Beside the Speedometer. you also get round signs on poles at the side of the road telling you what the max speed is in dry and clear conditions. but of course you did not notice them. if your not paying attention to your driving , your not safe on the road.


----------



## Zebedee (Oct 3, 2007)

*Re: speeds*



silversurfa said:


> you also get round signs on poles at the side of the road telling you what the max speed is in dry and clear conditions. but of course you did not notice them. if your not paying attention to your driving , your not safe on the road.


This opens another can of worms. Why are speed warning signs so often placed within 5 yards of the exit to a roundabout? 8O

As silversurfa quite rightly says above (_though I don't think he meant it kindly in his context!!_) as you begin to exit a roundabout you are paying particular attention to your driving in case some cretin is trying to overtake or cut across lanes without a signal etc. etc. The last thing you need is an important warning sign precisely at the point of maximum concentration on the road itself, just where the idiots see a chance to shoot past a motorhome!
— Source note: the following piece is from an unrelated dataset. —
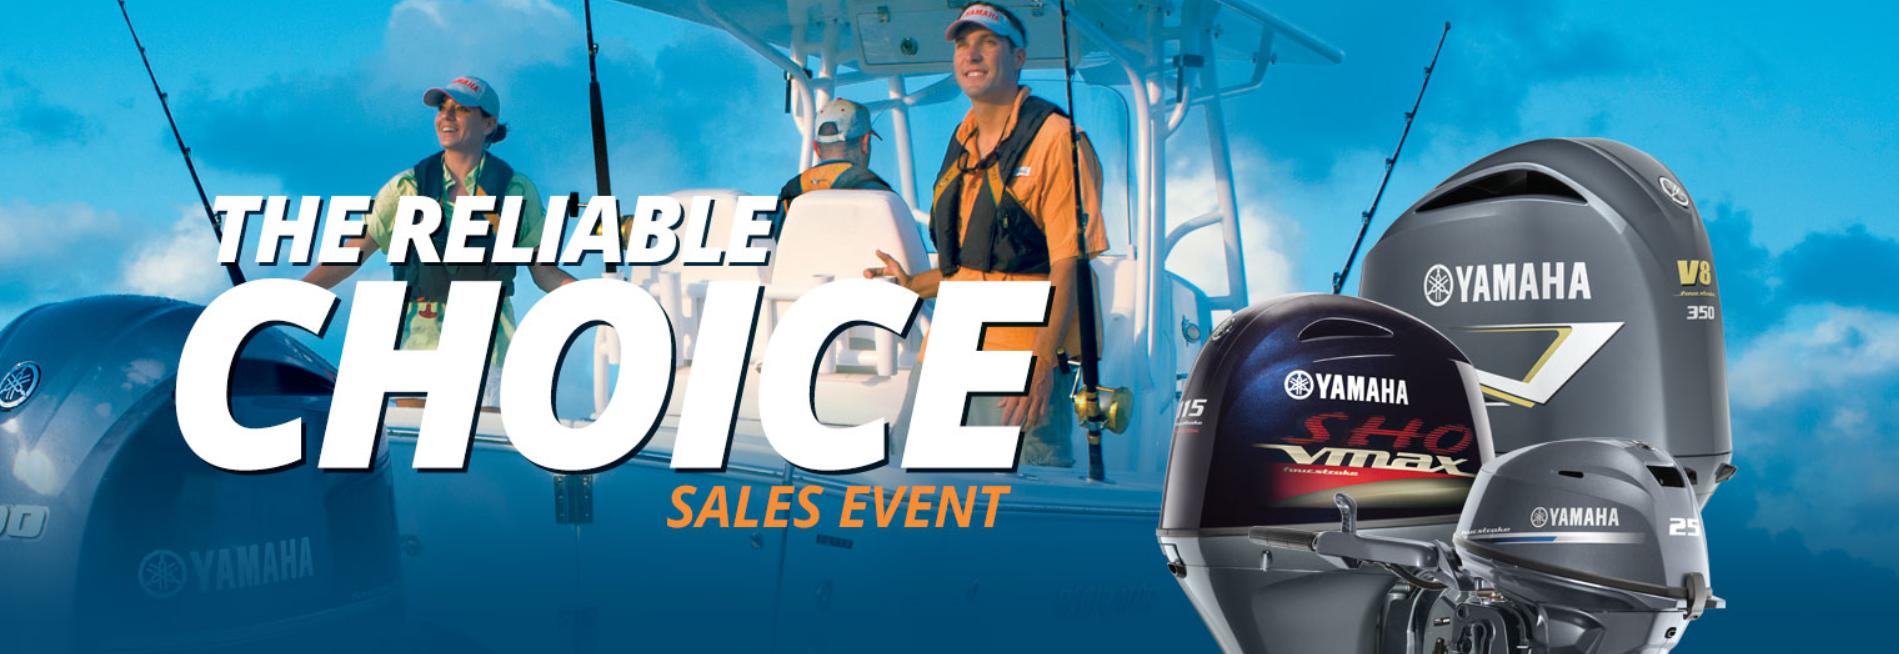 yamaha 2020 sales event

Then to make matters worse, there are no repeater signs for miles so you don't even know what the speed limit is for that stretch of road. :evil:

Just a point to ponder?


----------



## ksebruce (Nov 5, 2006)

Yes the speedo and the road signs telling you the limit are there to be used, but I don't see the harm in an audible warning in the car. It can be quite easy to "drift" over the limit especially on a downhill slope so I find the tomtom warning useful as my foot automatically lifts off the accelerator when I hear it.


----------



## Zebedee (Oct 3, 2007)

ksebruce said:


> Yes the speedo and the road signs telling you the limit are there to be used, but I don't see the harm in an audible warning in the car. It can be quite easy to "drift" over the limit especially on a downhill slope so I find the tomtom warning useful as my foot automatically lifts off the accelerator when I hear it.


Perfectly put Ken. 

My whole original point in a nutshell. :lol:

Cheers


----------



## dragstar (Jun 26, 2006)

sounds a waste of money to me can you imagine how many times you have to alter the speed button, the police can nab you for altering a satnav so instead of being done for speeding you get done for dangerous driving i mean how difficult is it to keep to the speed limit if you are worried i would either buy a satnav with speed warnings or a cruise with electronic finger tip controls. On your bit of kit you have to punch in the speed, you have to know the speed, so if you know the speed what is the point of buying it in the first place


----------



## asprn (Feb 10, 2006)

*Re: speeds*



Zebedee said:


> ...there are no repeater signs for miles so you don't even know what the speed limit is for that stretch of road


There is much myth and misconception about repeater signs, the absence of which is often wrongly blamed for drivers' failing to understand the national arrangements. These arrangements really are very straightforward:-

* signage requirements
* actual signs in graphic form
* requirements for motorways

Dougie.


----------



## ksebruce (Nov 5, 2006)

dragstar said:


> sounds a waste of money to me can you imagine how many times you have to alter the speed button, the police can nab you for altering a satnav so instead of being done for speeding you get done for dangerous driving i mean how difficult is it to keep to the speed limit if you are worried i would either buy a satnav with speed warnings or a cruise with electronic finger tip controls. On your bit of kit you have to punch in the speed, you have to know the speed, so if you know the speed what is the point of buying it in the first place


It's sat nav I use so no need to alter anything.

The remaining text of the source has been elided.